Kurz nach Beginn der Sommerferien sickerte nun eine Einigung auf Arbeitsebene durch. Demnach hätte sich das grüne Umweltministerium auf breiter Linie durchgesetzt: Ausbau des Ökolandbaus auf 30 bis 40 Prozent, schnellstmögliche Beendigung der Glyphosat-Anwendungen, Reduktion chemisch-synthetischer Pflanzenschutzmittel um 40 bis 50 Prozent, Neuverpachtung landeseigener Flächen vorrangig an Ökobetriebe.
„Da ist noch gar nichts in trockenen Tüchern, das befindet sich noch in der Abstimmung“, bremst ein CDU-Fraktionssprecher. Schließlich müssen die Fraktionen zustimmen – und die nächste Arbeitskreissitzung dazu ist erst im Oktober.

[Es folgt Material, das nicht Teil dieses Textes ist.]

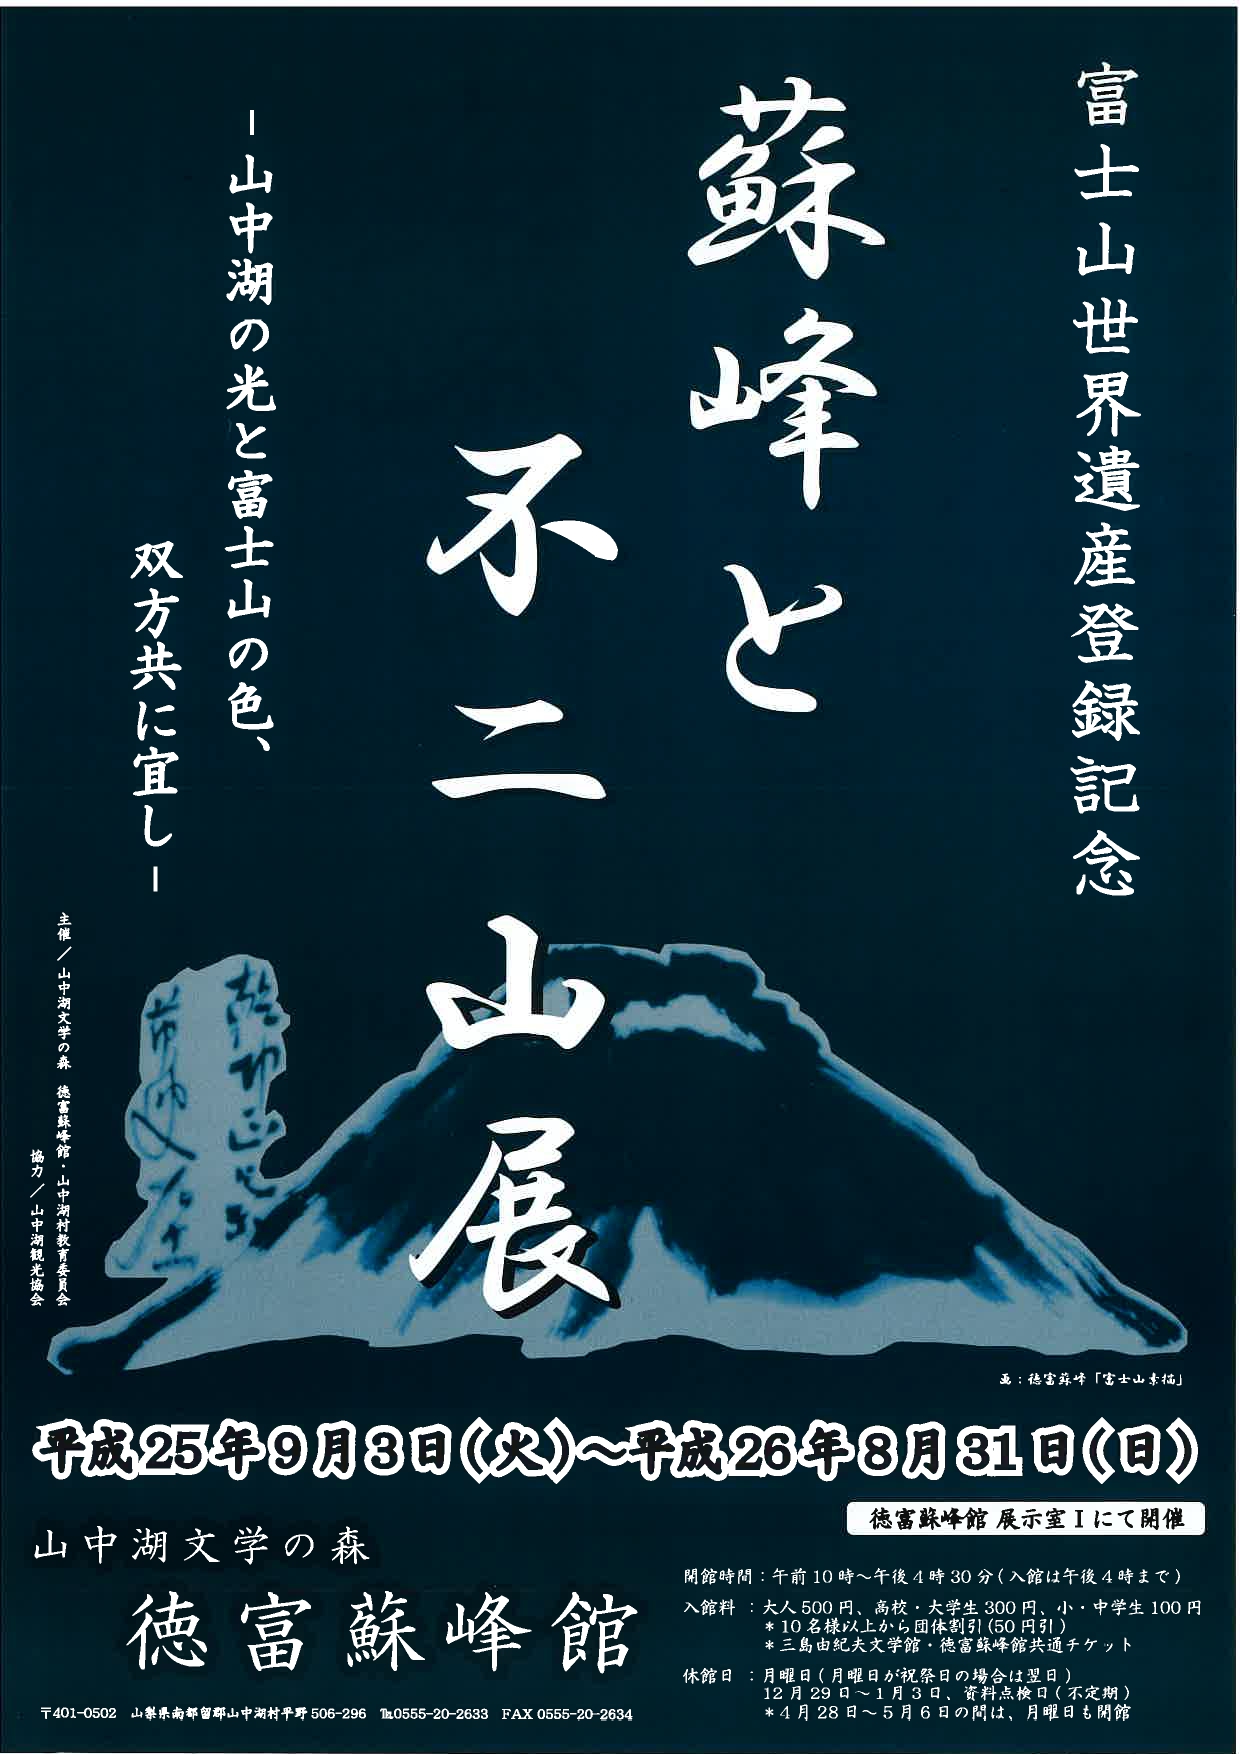 富士山世界遺産登録記念「蘇峰と不二山展」 | 三島由紀夫文学館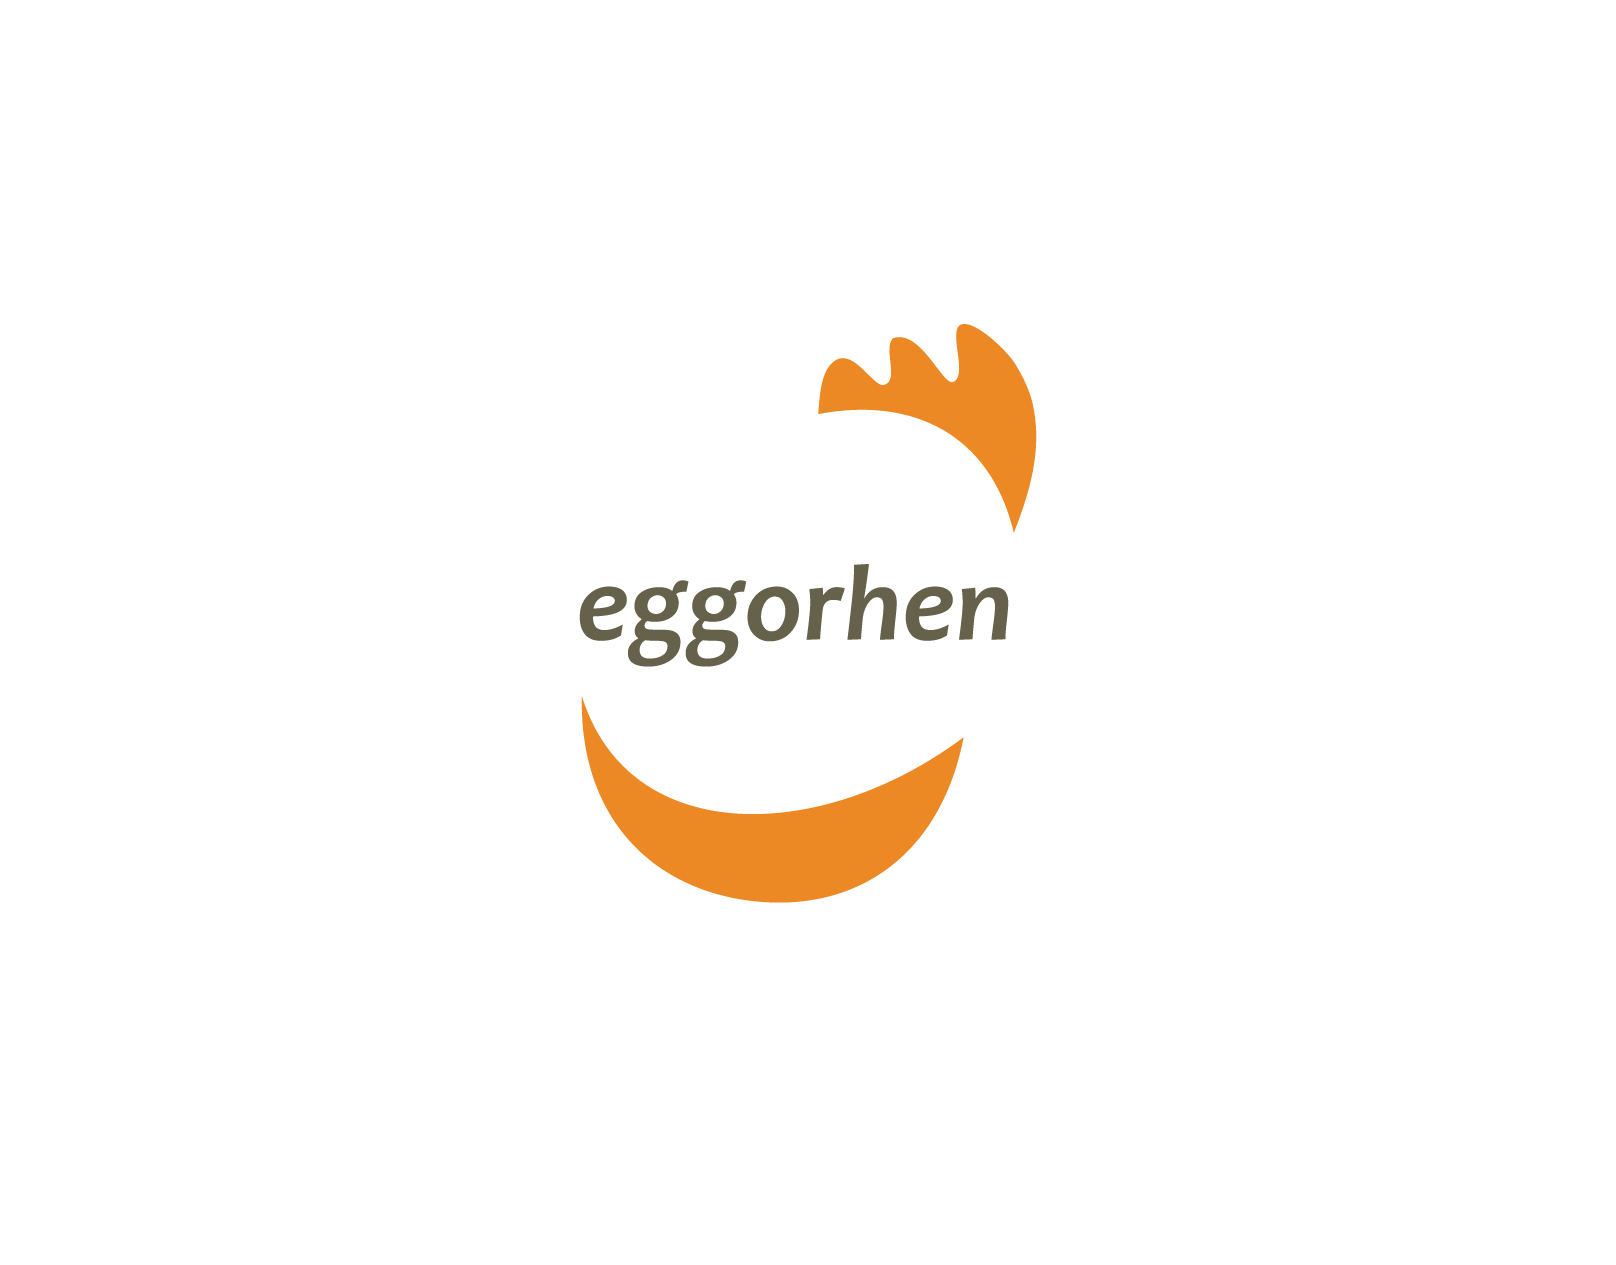 eggorhen

- Volksbegehren Artenschutz: Die Zielrichtung ist gut, der Gesetzentwurf verbesserungsbedürftig – zumindest in diesem Punkt sind sich Grüne und CDU einig. Klar ist aber: Beide Seiten geraten durch das Volksbegehren in Zugzwang. Kommt das Gesetz zur Abstimmung in den Landtag, müssen beide Seiten Farbe bekennen.
Eine Ablehnung eines Volksbegehrens zur Bienenrettung ohne eigenen Alternativvorschlag wäre dem Wähler kaum zu vermitteln – und der dürfte dann selbst entscheiden. „Ich wünsche mir, dass wir als Landesregierung eine Alternative stellen“, sagt daher der Grünen-Landwirtschaftsexperte Martin Hahn. Was aber kaum etwas nützen würde. Die Initiatoren des Volksbegehrens haben bereits signalisiert, dass sie ihren Antrag auch bei einem Alternativvorschlag von Grünen und CDU nicht zurückziehen.